A housing provider may request additional information when the requesting party’s disability or disability-related need for the emotional support animal is not readily apparent. However, the housing provider may not require that the requesting party provide the actual diagnosis or severity of the disability or any medical records related to the disability, but the requesting party may voluntarily provide it. Additional information may also be requested when a request is submitted for more than one emotional support animal but information regarding the specific need for each animal is not provided. Notwithstanding the right to specifically request this information, the housing provider cannot require the requesting party to fill out a particular form or notarized statement or pay extra compensation for the animal. A request cannot be denied for failure to follow the housing provider’s routine method.

Guidance relative to the adequacy of the information supplied has previously been lacking. The new legislation fills in this gap by identifying the following as sufficient for establishing the presence of a disability:

  • A determination of disability from a federal, state, or local government agency.
  • Receipt of disability benefits or services from any federal, state, or local government agency.
  • Proof of eligibility for housing assistance or a housing voucher received because of disability.
  • Information from a health care practitioner or other similarly licensed or certified practitioner or provider, which may be an out-of-state practitioner only if the out-of-state practitioner has provided in-person care or services on at least one occasion.
  • Information from any other source that the housing provider reasonably determines to be reliable.

A health care practitioner or other similarly licensed or certified practitioner or provider can also provide the requested information relative to the disability-related need for the emotional support animal (as can a telehealth provider), and there is no need to establish that the practitioner provided in-person care or services. Rather, it is only necessary to show that the practitioner has personal knowledge of the person’s disability and is acting within the scope or his or her practice in providing the requested information.

A person who falsifies, or knowingly provides false, information or written documentation required by this new legislation, or otherwise knowingly or willfully misrepresents himself or herself as having a disability or disability-related need for an emotional support animal commits a misdemeanor of the second degree. In addition to the statutorily prescribed punishment applicable to second degree misdemeanors, those who are found guilty must perform 30 hours of community service for an organization that serves persons with disabilities or for another entity identified by the court within 6 months after conviction.

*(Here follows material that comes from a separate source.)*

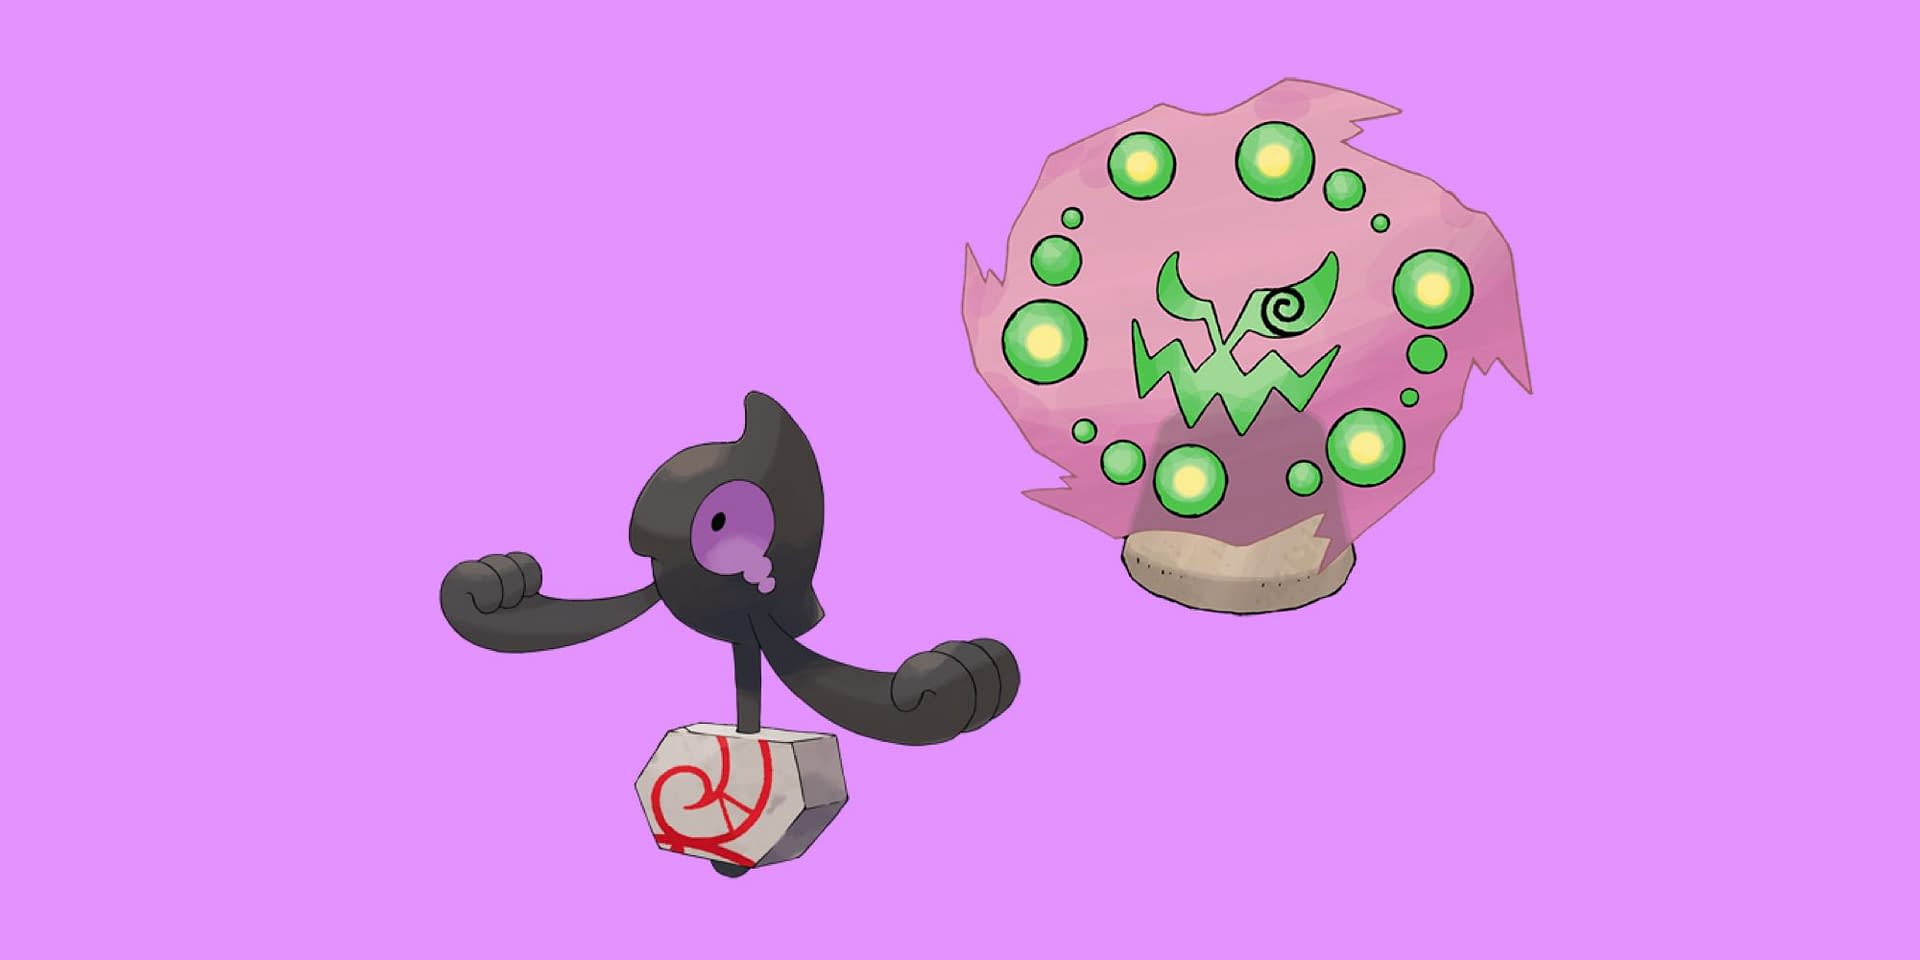 Pokemon Sword and Shield datamine finds additional Pokemon beyond

Though the statute provides much needed guidance, it is still recommended that you consult with the association’s legal counsel before denying a request for reasonable accommodation of any kind, including one for an emotional support animal. The penalties associated with wrongfully denying such a request can be harsh.

DISCLAIMER: Because of the generality of this update, the information provided herein may not be applicable in all situations and should not be acted upon without specific legal advice based on particular situations.